First, we need to find the change in enthalpy during the compression process. We are given that heat is lost from the compressor in the amount of \(120 \mathrm{kJ} / \mathrm{kg}\). Using constant specific heats, we know that the enthalpy change \(Δh = c_p(ΔT)\). Since we know the temperature at the entrance, we'll find the change in temperature and then calculate the enthalpy change.

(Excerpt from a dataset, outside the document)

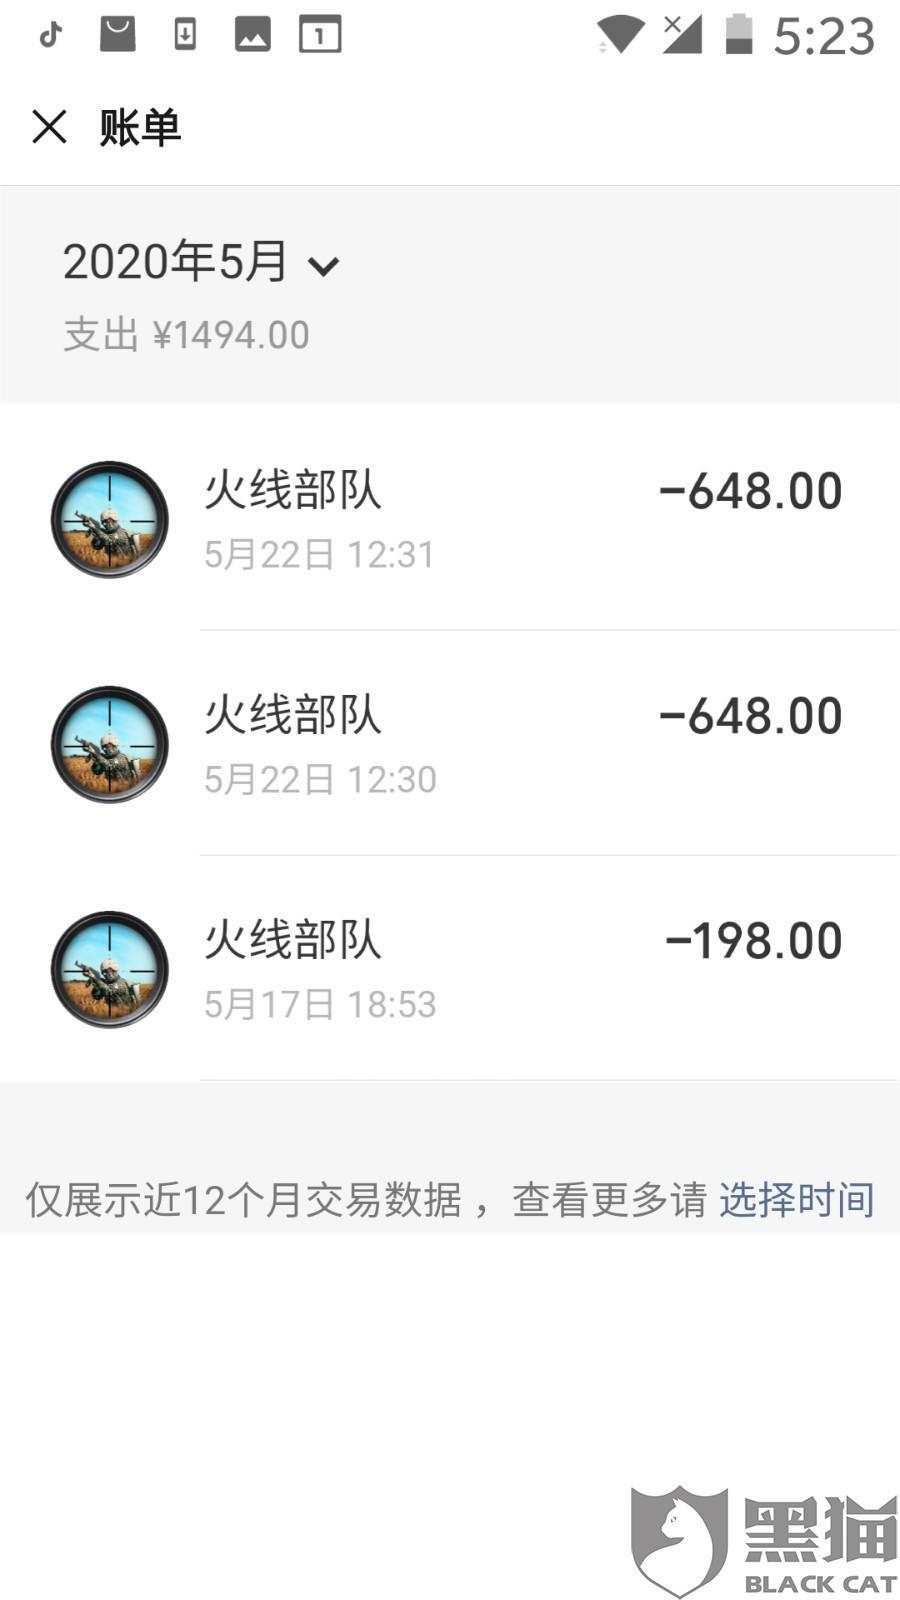 黑猫投诉:投诉上海邀玩网络技术有限公司名下的游戏火线部队拒不退钱问题!

Calculate the change in temperature

We will use the ideal gas equation of state for the process, knowing that \(PV=nRT\) which allows us to find the change in temperature during the compression: $$\frac{P_2}{P_1}=\frac{T_2}{T_1}$$ $$T_2 = T_1 \frac{P_2}{P_1}$$ Using the given values, we have: $$T_2 = (22+273.15) \frac{800}{100}$$ $$T_2 = 295.15 \times 8$$ $$T_2 = 2361.2 \mathrm{K}$$ Now we can find the change in temperature: $$ΔT = T_2 - T_1 = 2361.2 - 295.15 = 2066.05 \mathrm{K}$$

Calculate the enthalpy change

Using the specific heat for air at constant pressure \(c_p=1.005 \mathrm{kJ/kg.K}\), we can find the enthalpy change: $$Δh = c_p(ΔT)$$ $$Δh = 1.005 \times 2066.05 = 2076.43 \mathrm{kJ/kg}$$

Apply conservation of energy principle

Now we will apply the conservation of energy principle to the compression process. The energy balance equation can be written as: $$Q = Δh - W$$ We are given that heat is lost from the compressor in the amount of \(120 \mathrm{kJ/kg}\), which means \(Q = -120 \mathrm{kJ/kg}\). Now, we can solve for the work input: $$W = Δh - Q$$ $$W = 2076.43 + 120$$ $$W = 2196.43 \mathrm{kJ/kg}$$

Calculate the entropy generation

Finally, let's find the entropy generation during the process. We know that: $$ΔS_{total} = ΔS_{air} + S_{generation}$$ The entropy decreases by \(0.40 \mathrm{kJ/kg.K}\), thus \(ΔS_{air} = -0.40 \mathrm{kJ/kg.K}\). Then, we can solve for the entropy generation: $$S_{generation} = ΔS_{total} - ΔS_{air}$$ $$S_{generation} = 0 - (-0.40)$$ $$S_{generation} = 0.40 \mathrm{kJ/kg.K}$$ Now we can summarize the results: a) The exit temperature is \(2361.2 \mathrm{K}\) b) The work input to the compressor is \(2196.43 \mathrm{kJ/kg}\) c) The entropy generation during the process is \(0.40 \mathrm{kJ/kg.K}\)